_Data excerpt_
=======
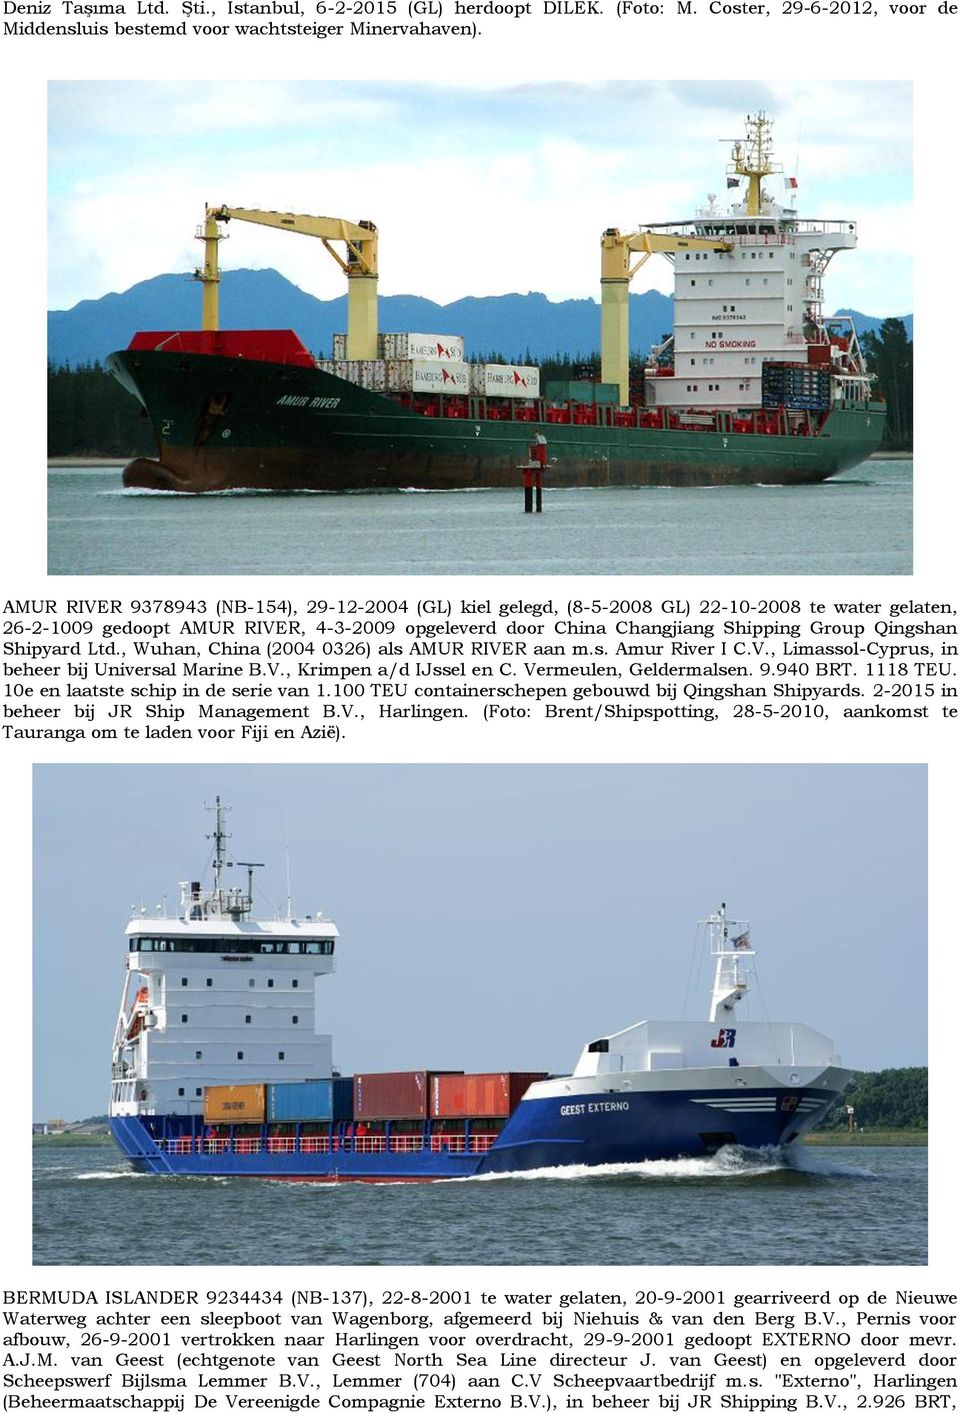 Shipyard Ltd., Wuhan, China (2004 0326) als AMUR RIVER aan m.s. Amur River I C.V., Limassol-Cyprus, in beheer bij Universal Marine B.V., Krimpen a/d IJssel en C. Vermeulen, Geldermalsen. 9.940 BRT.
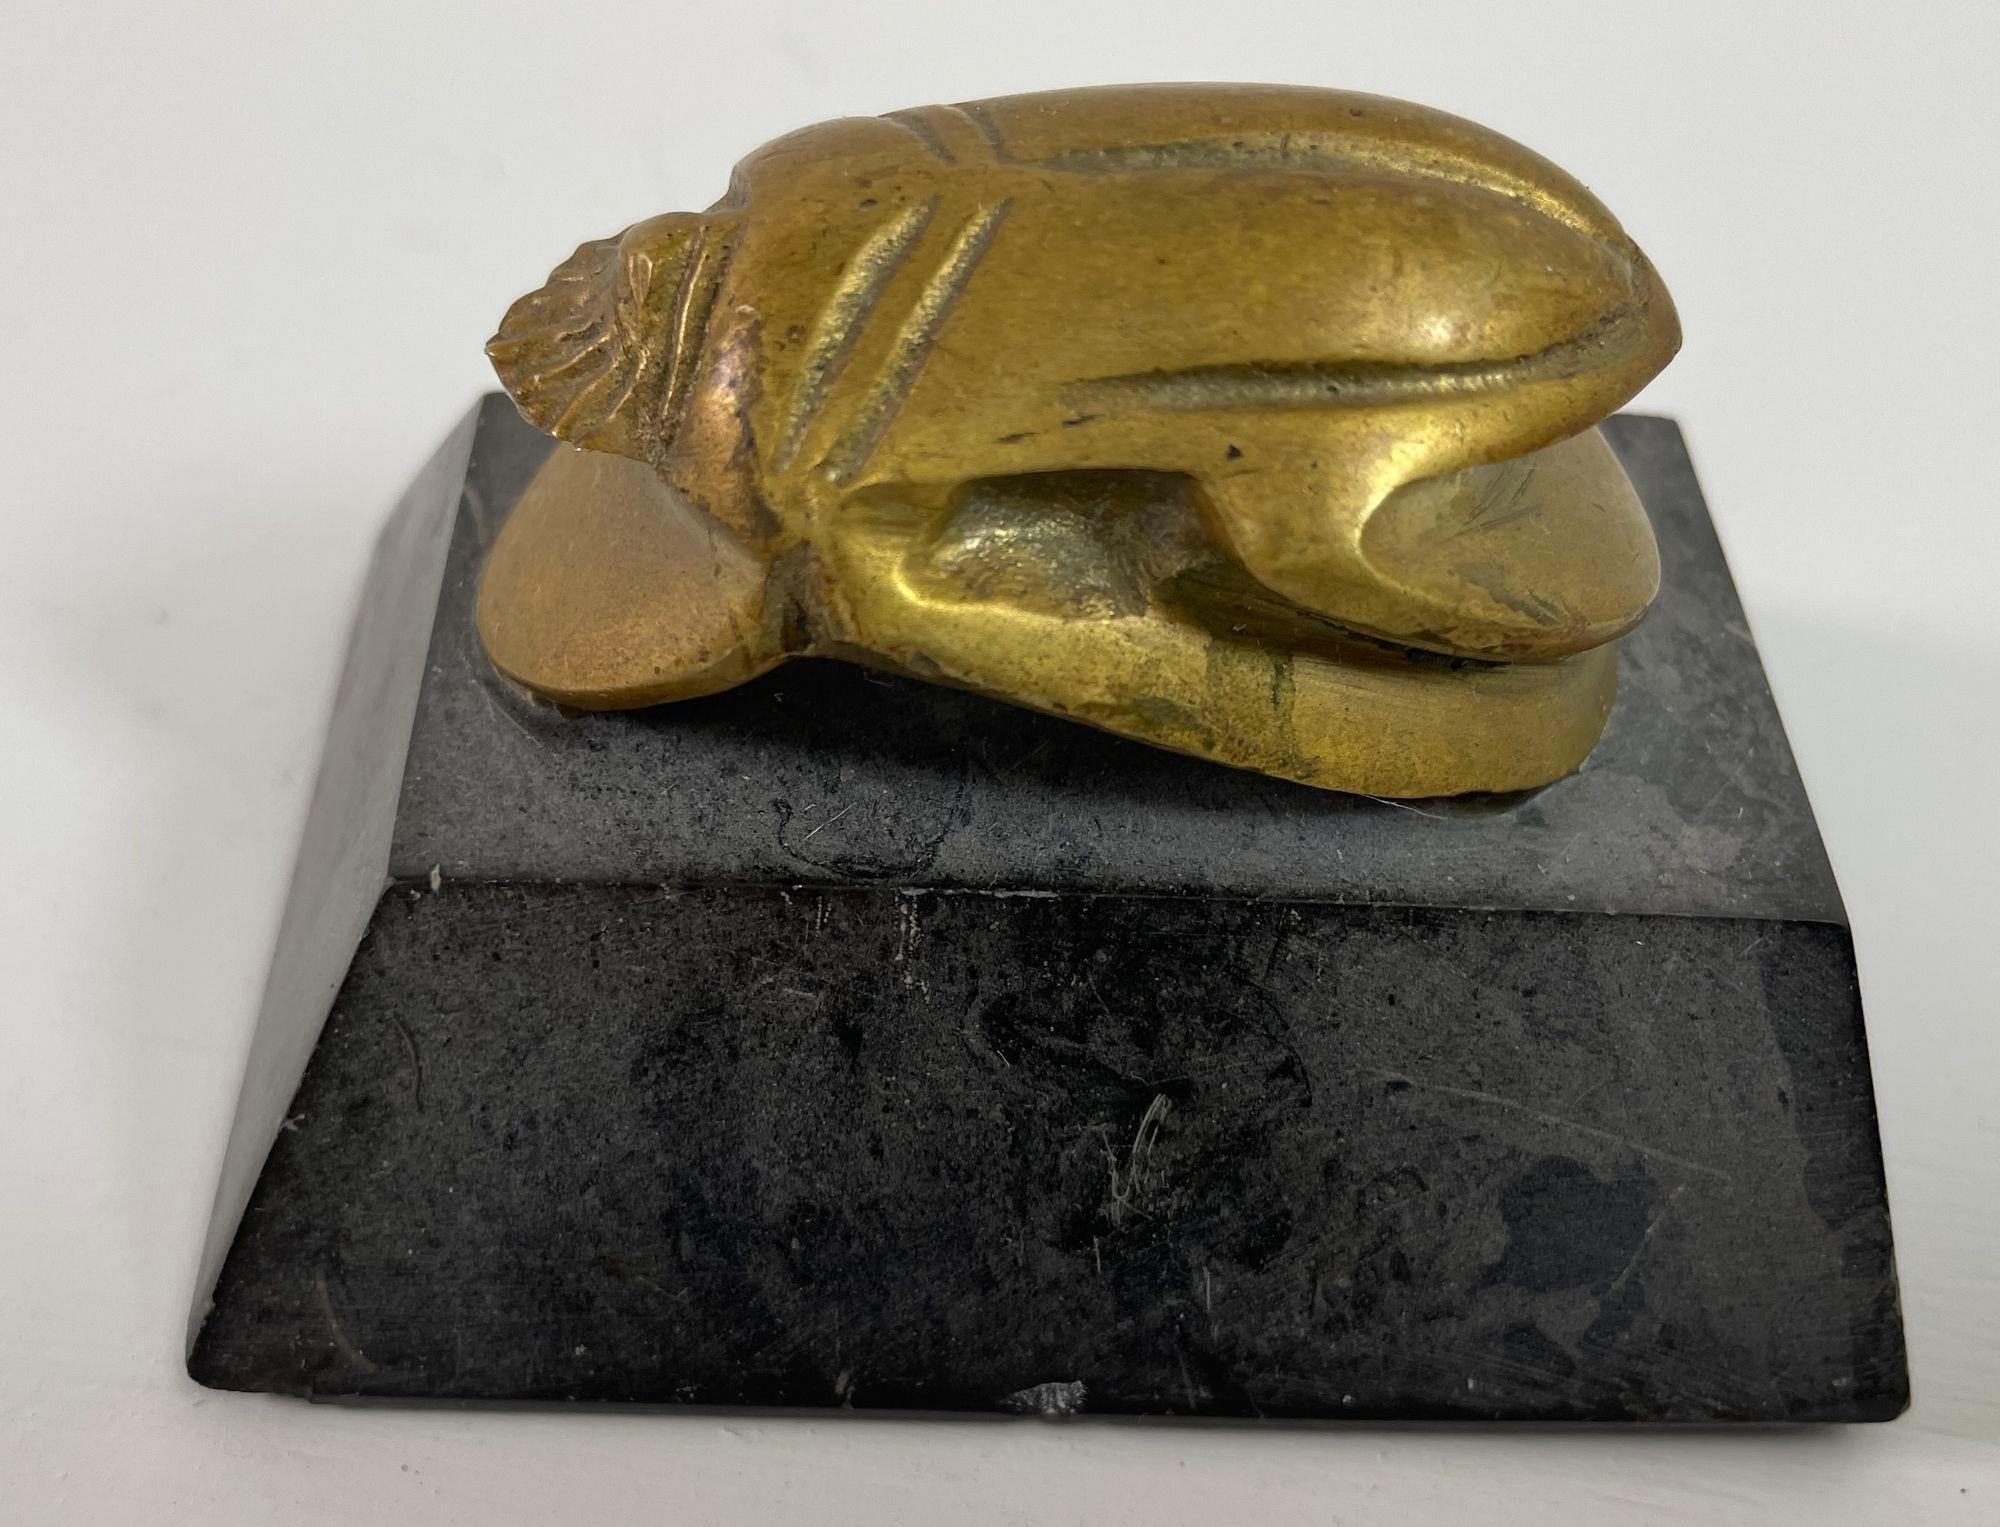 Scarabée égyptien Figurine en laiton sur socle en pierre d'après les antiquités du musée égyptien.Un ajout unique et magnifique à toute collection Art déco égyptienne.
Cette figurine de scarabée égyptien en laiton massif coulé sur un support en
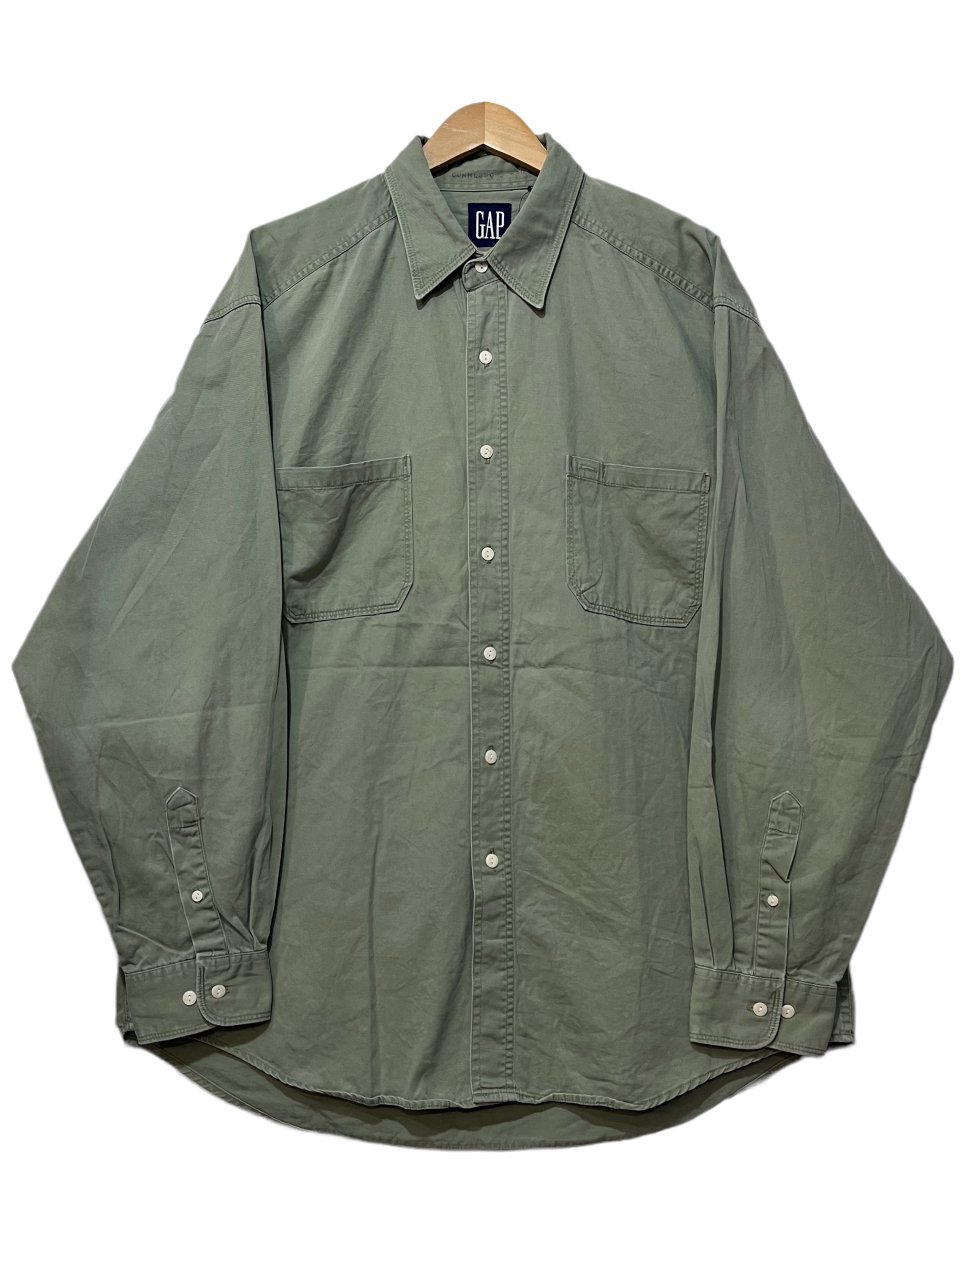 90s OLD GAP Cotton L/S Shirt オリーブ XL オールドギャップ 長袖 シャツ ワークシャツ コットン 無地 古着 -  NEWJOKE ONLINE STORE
=======
_Instructions for the task_
Print nothing except the lines from the one with "Cette figurine de" through the last line of the listing, exactly as written and with pictures removed.

_Output for this task_
Cette figurine de scarabée égyptien en laiton massif coulé sur un support en
 90s OLD GAP Cotton L/S Shirt オリーブ XL オールドギャップ 長袖 シャツ ワークシャツ コットン 無地 古着 -  NEWJOKE ONLINE STORE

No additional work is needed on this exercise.